Target's chief information officer has resigned as the retailer overhauls its information security practices in the wake of a giant customer data breach, the company said Wednesday.
Beth Jacob, who was in charge of Target's computer systems since 2008, has resigned, a company spokeswoman said, in the first major executive departure since the company announced the hacking incident in December.
Target will launch an external search for an interim CIO as well as for a chief information security officer whose role will be "elevated" in the wake of the data breach, chief executive Gregg Steinhafel said in a statement.
The company also plans to undertake an external search for a chief compliance officer.

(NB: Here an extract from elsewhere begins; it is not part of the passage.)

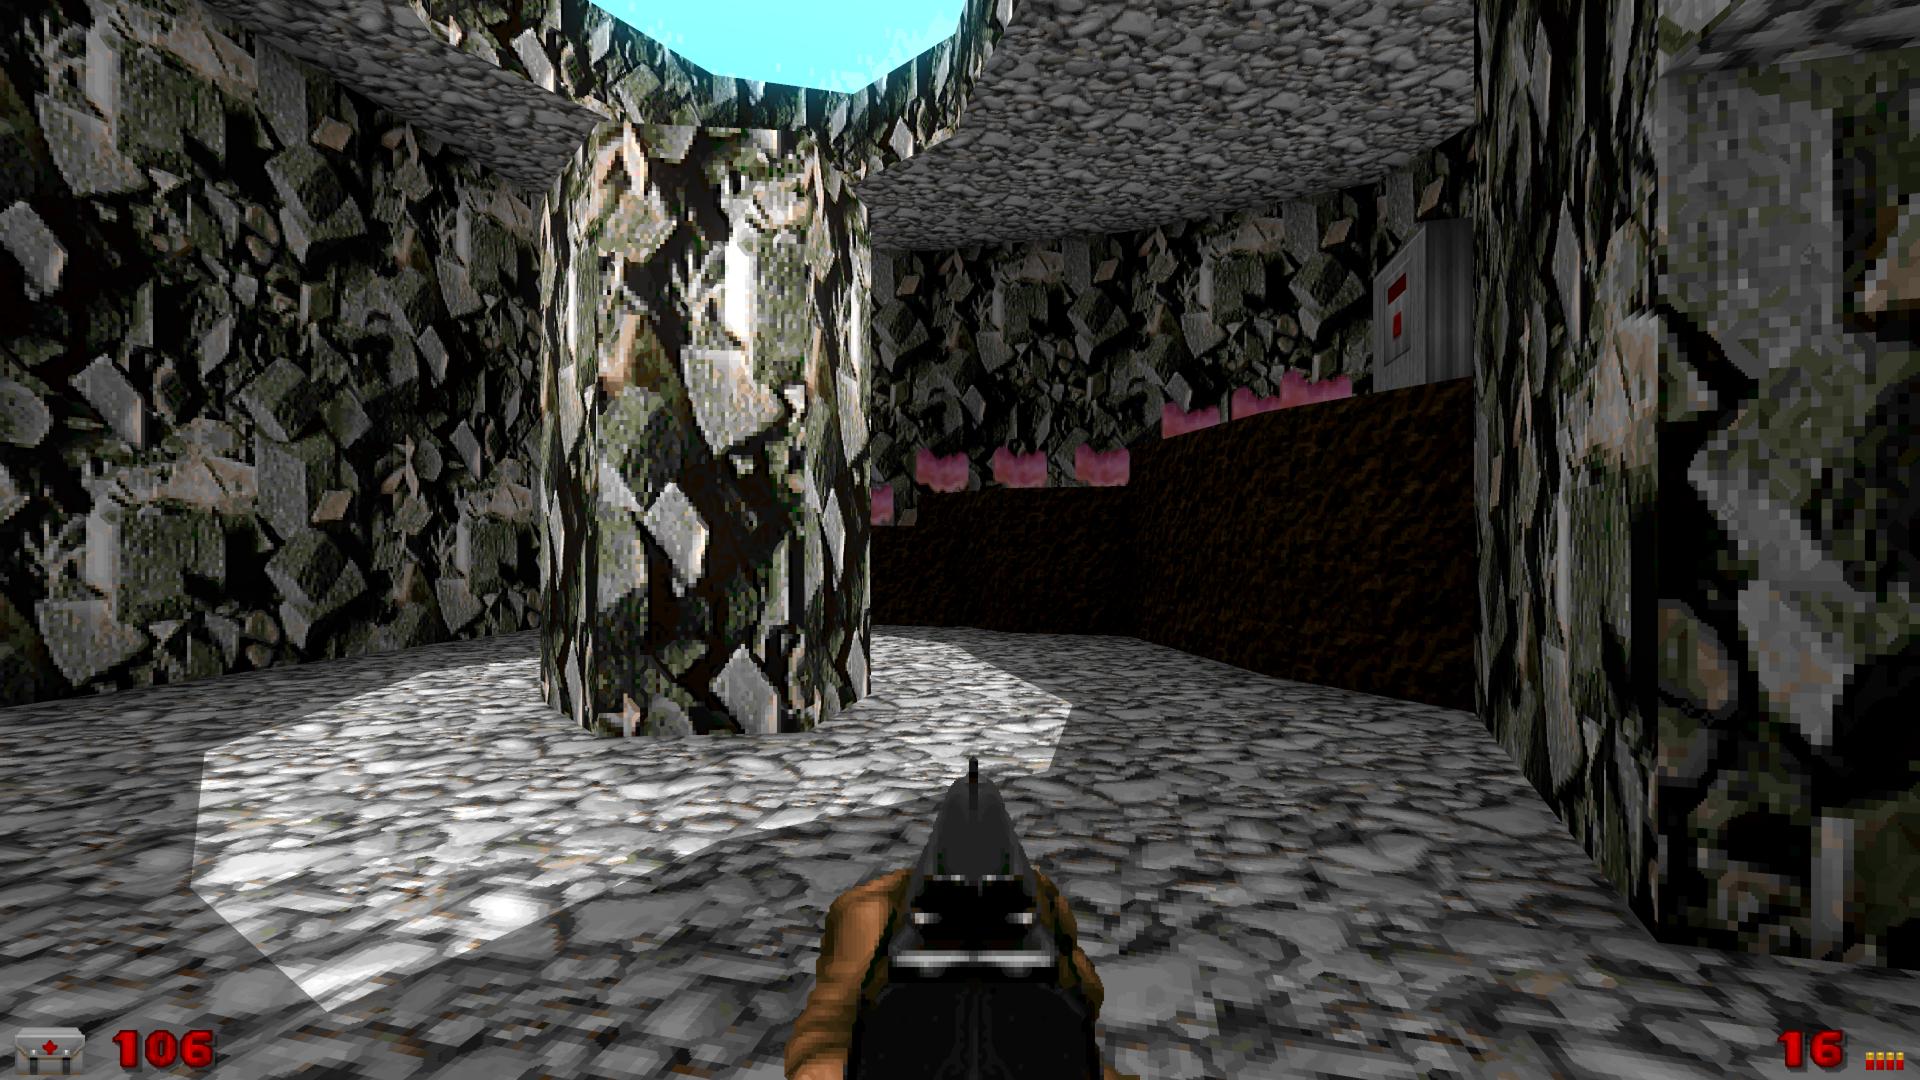 Screenshot_Doom_20210109_181634.png.4c5fe2b206503874edb05e1e70c7381b.png

Target has been under scrutiny since disclosing in December that a data breach had resulted in the theft of credit-card data for some 40 million customers.

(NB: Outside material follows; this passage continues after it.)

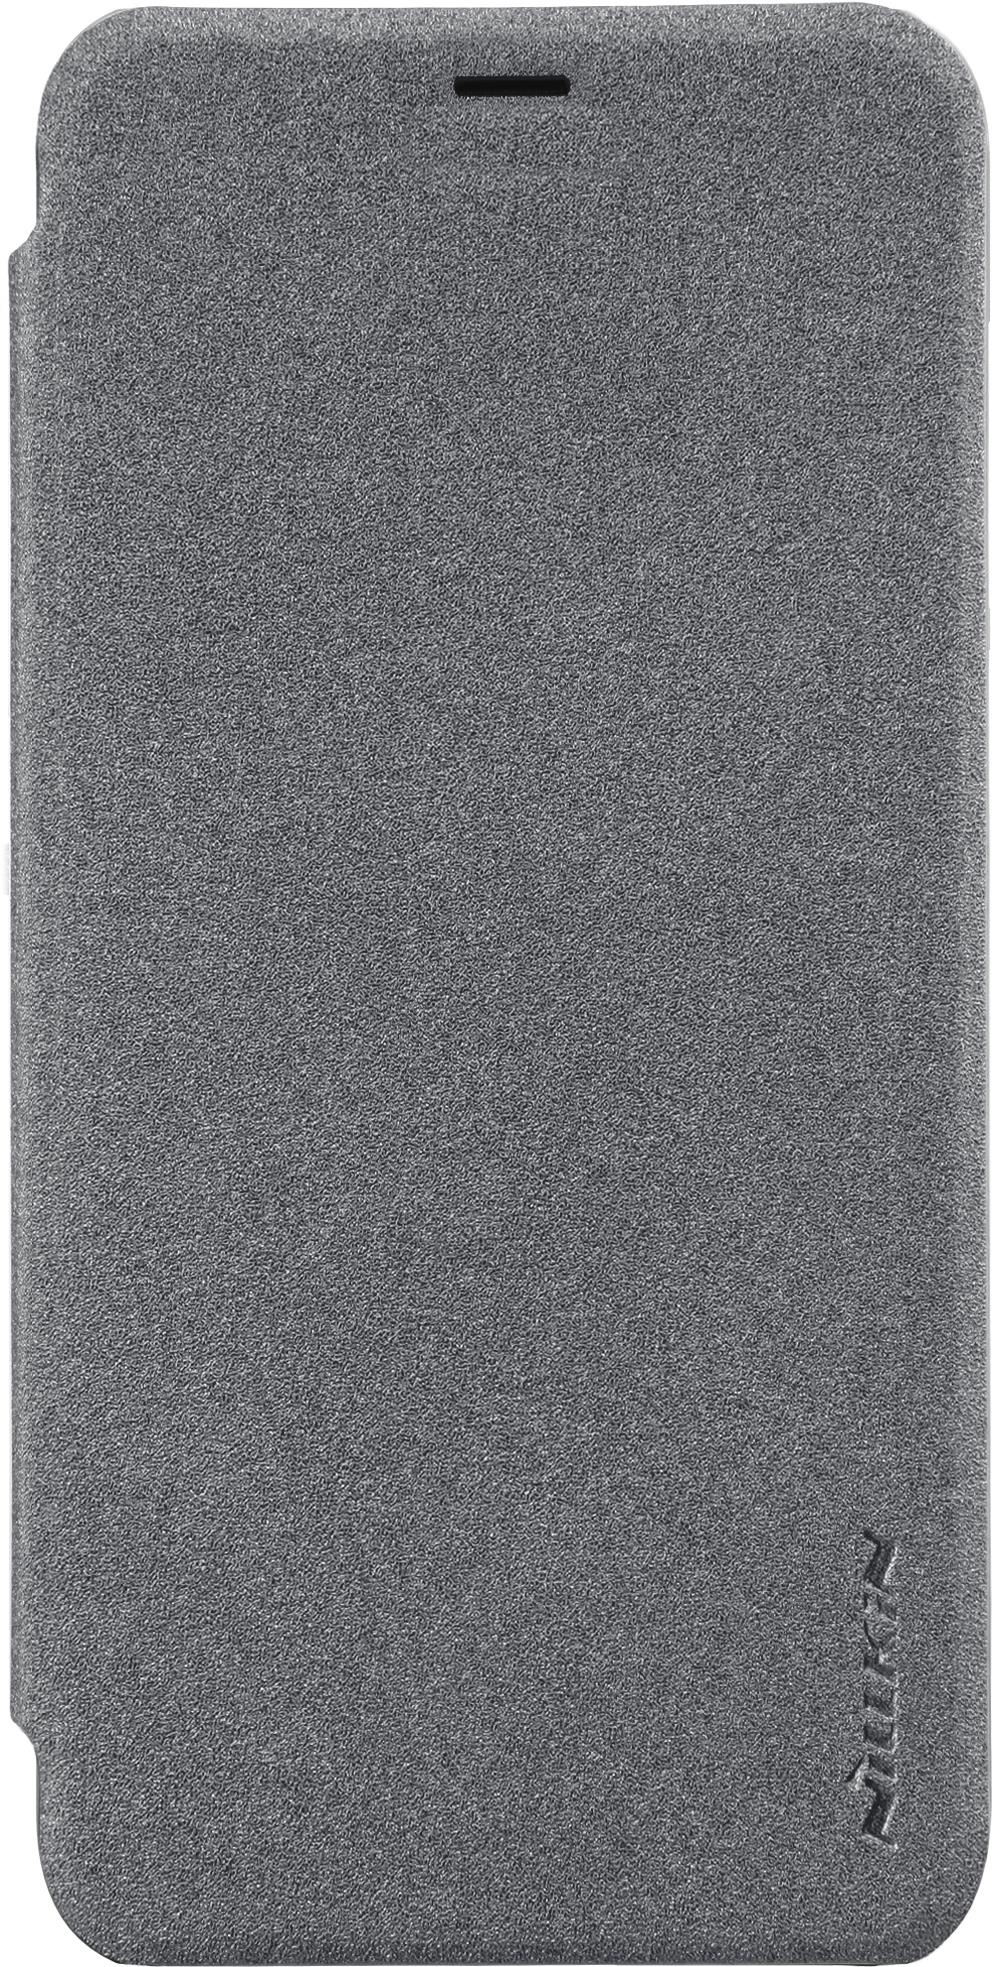 Чехол-книжка Nillkin Sparkle для P Smart, 6902048152373, черный цена

In January, however, it said its own investigation had revealed that hackers also stole a second batch of data that included names, mailing addresses, phone numbers or email addresses for up to 70 million people.
The company is cooperating with investigations by the Justice Department and Secret Service.

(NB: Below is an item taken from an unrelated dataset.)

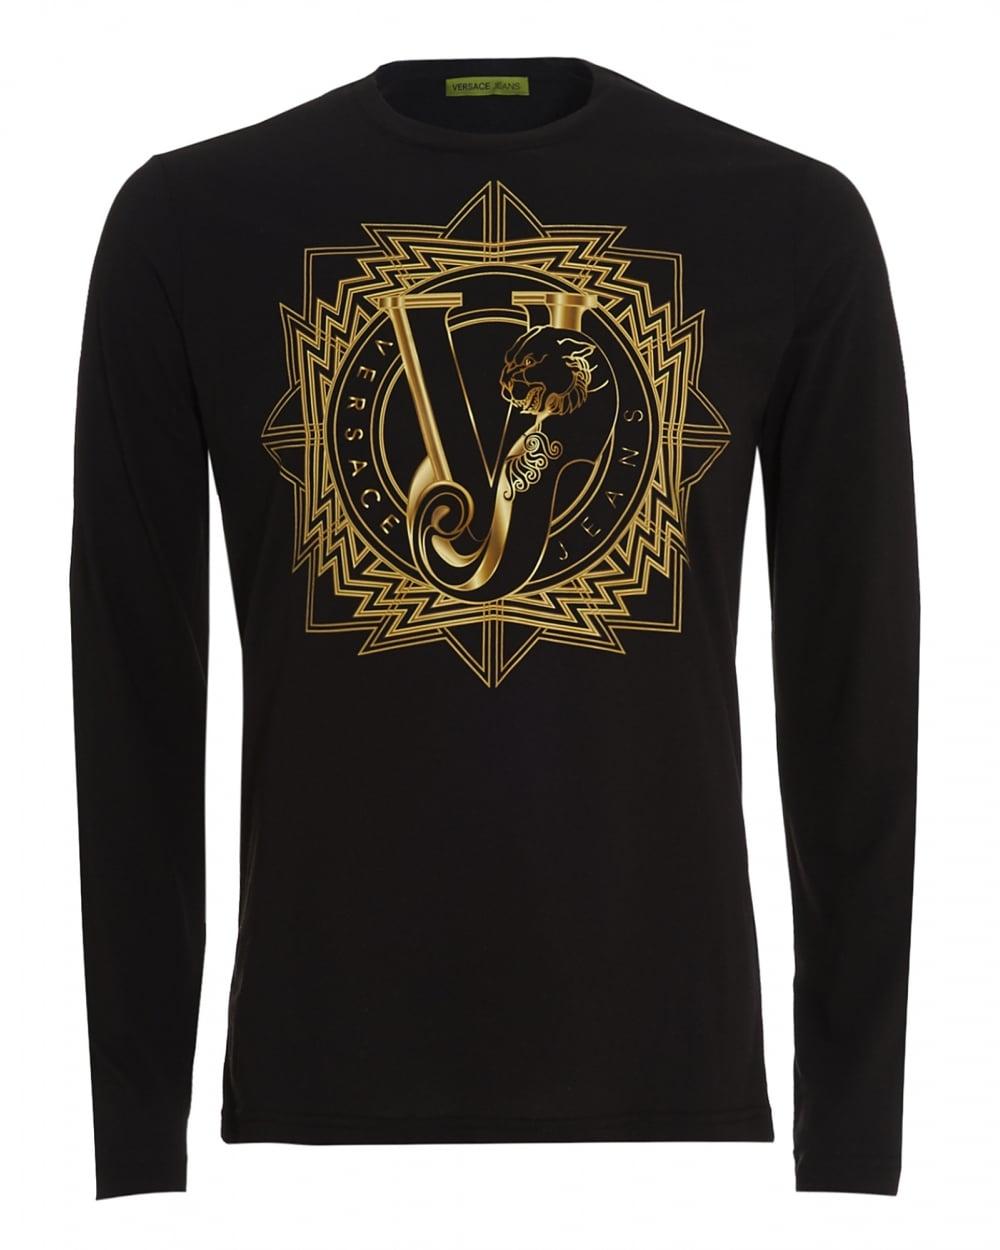 270ce7b3f45bc Versace Jeans Mens Long Sleeve T-Shirt Black Tiger VJ Logo Slim Fit

Security researchers have said that the theft of data for up to 110 million people is probably linked to a broader global network of cybercrime.
"While we are still in the process of an ongoing investigation, we recognize that the information security environment is evolving rapidly," said Steinhafel said.
"To ensure that Target is well positioned following the data breach we suffered last year, we are undertaking an overhaul of our information security and compliance structure and practices at Target."